I've read that Pauli first proposed the neutrino to explain energy and momentum conservation in this equation:
$$n \to p^+ + e^- + \overline\nu_e$$
But it is also written differently here:
$$\nu_e + n \to p^+ + e^-$$
Is there a difference between the two equations? If not, does it mean we ascribe a negative energy to one of $\overline\nu_e$ or $\nu_e$?
Moving a particle from one side of a reaction to the other while flipping to it matterness keeps all the necessary particle quantum numbers in balance, but it changes the kinematics.
For instance, in your example the top equation necessarily has a broad energy spectrum (one of the main reasons for Pauli's proposal), which the lower one can have a discrete spectrum (must have a discrete spectrum if the initial particles are prepared in well defined momentum states).

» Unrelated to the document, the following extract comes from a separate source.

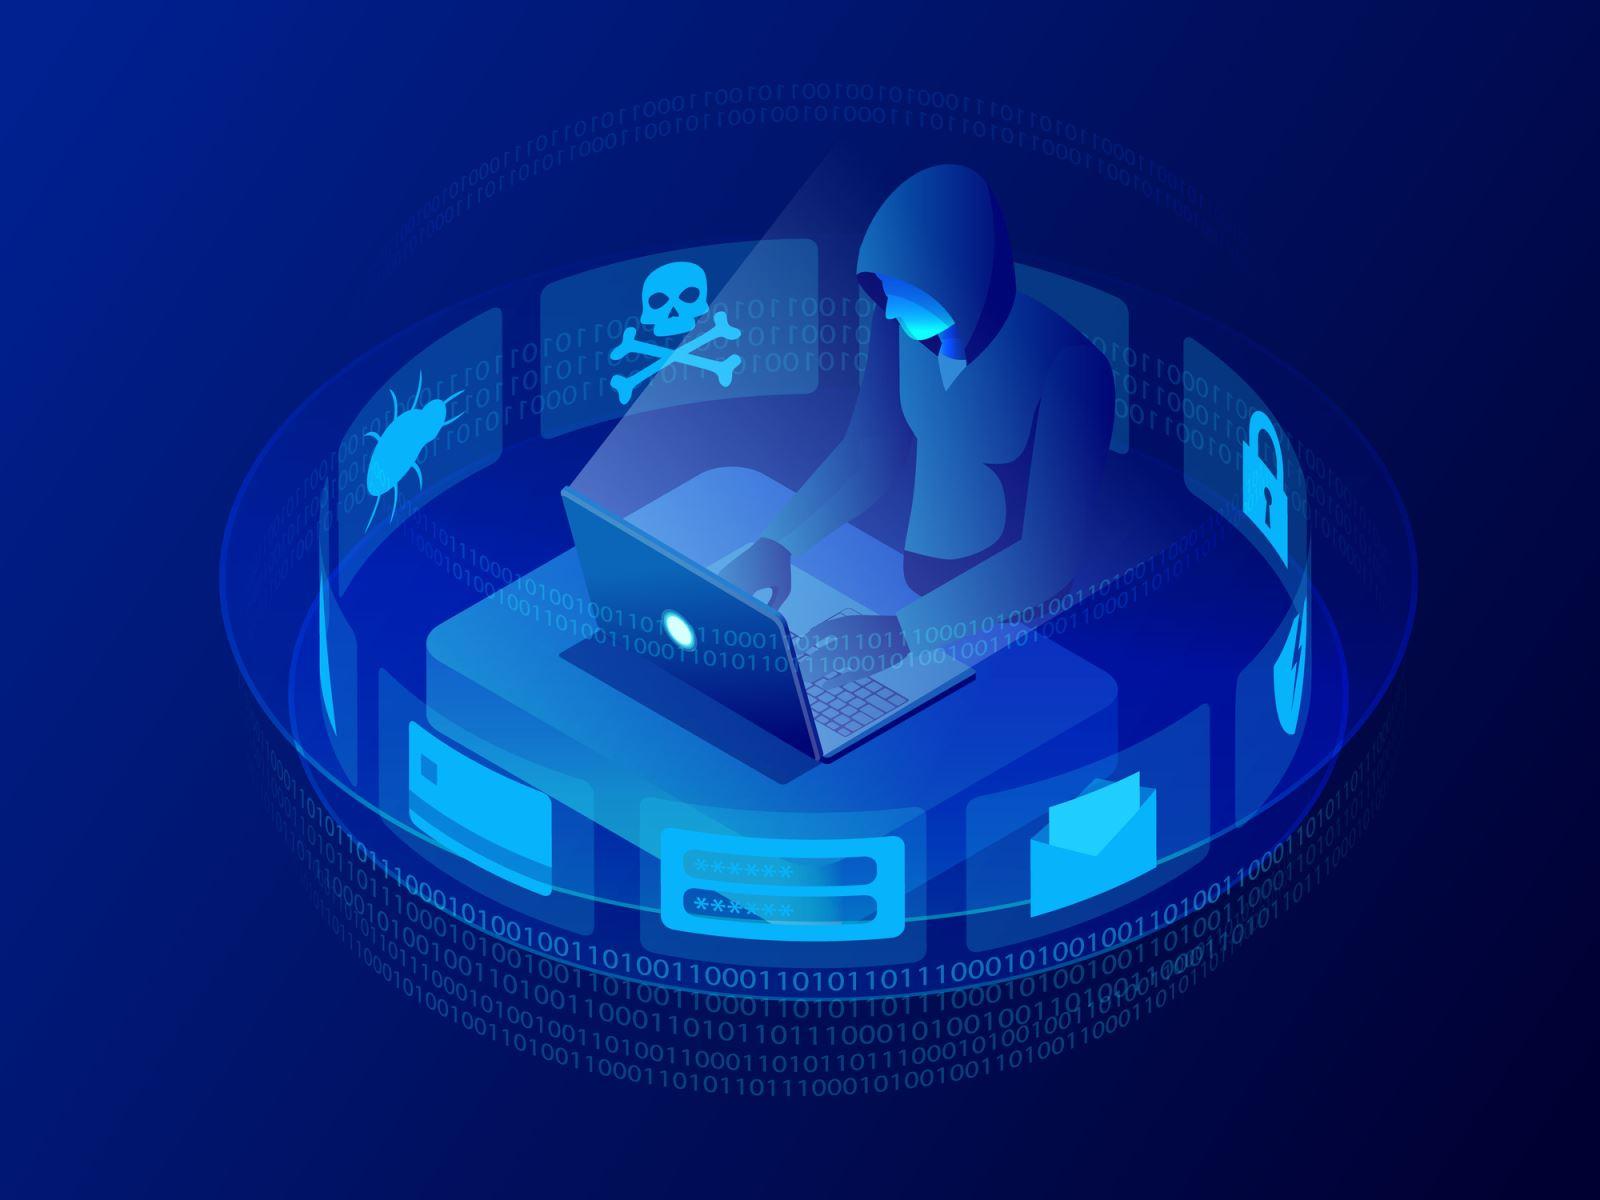 Dealing with digital threats

Nor can you even guarantee that this kind of reversal preserve the possibility of the reaction. For instance $$ p^- \to \bar{n} + e^- + \bar{\nu}_e $$ has the same isospin and lepton quantum numbers quantum numbers as your top reaction but it is strictly forbidden by energy considerations (the final state is heavier than the initial state).

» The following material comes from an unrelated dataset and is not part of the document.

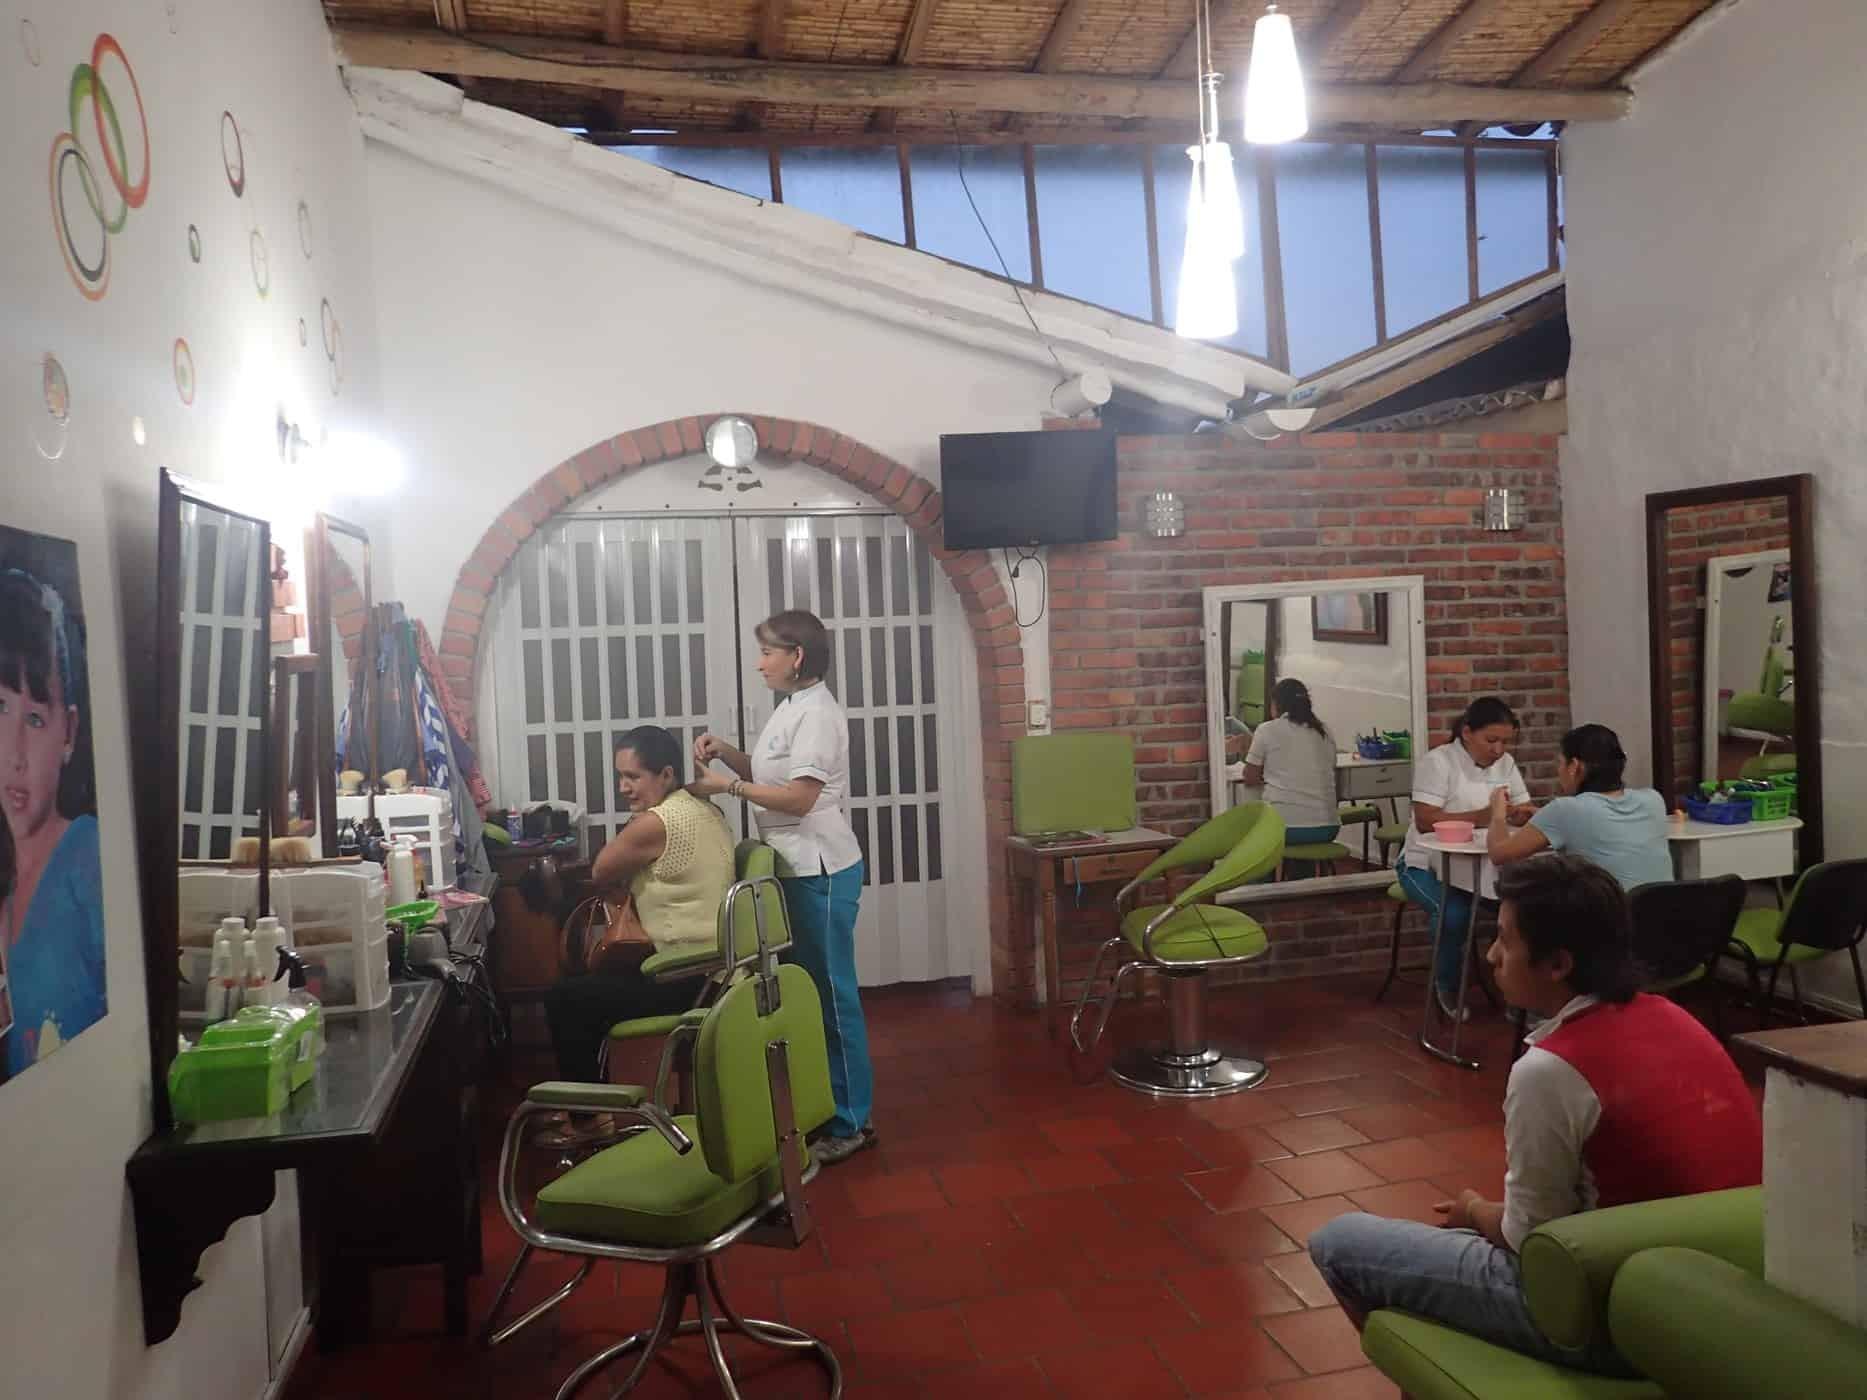 Yaja Sala de Belleza in Barichara, Colombia.

Also things like $$ \bar{p} + n \to e^- + \bar{\nu}_e $$ are allowed by quantum numbers but are vanishingly unlikely in practice. It would take some cleverness just to exhibit a Feynmann diagram at the quark-gluon-lepton level that totals up to the process exhibited here are the hadron-lepton level.
The neutrino moving case that you exhibit is unusually clear-cut because it involves a fundamental particle and a very small fraction of the mass in the system.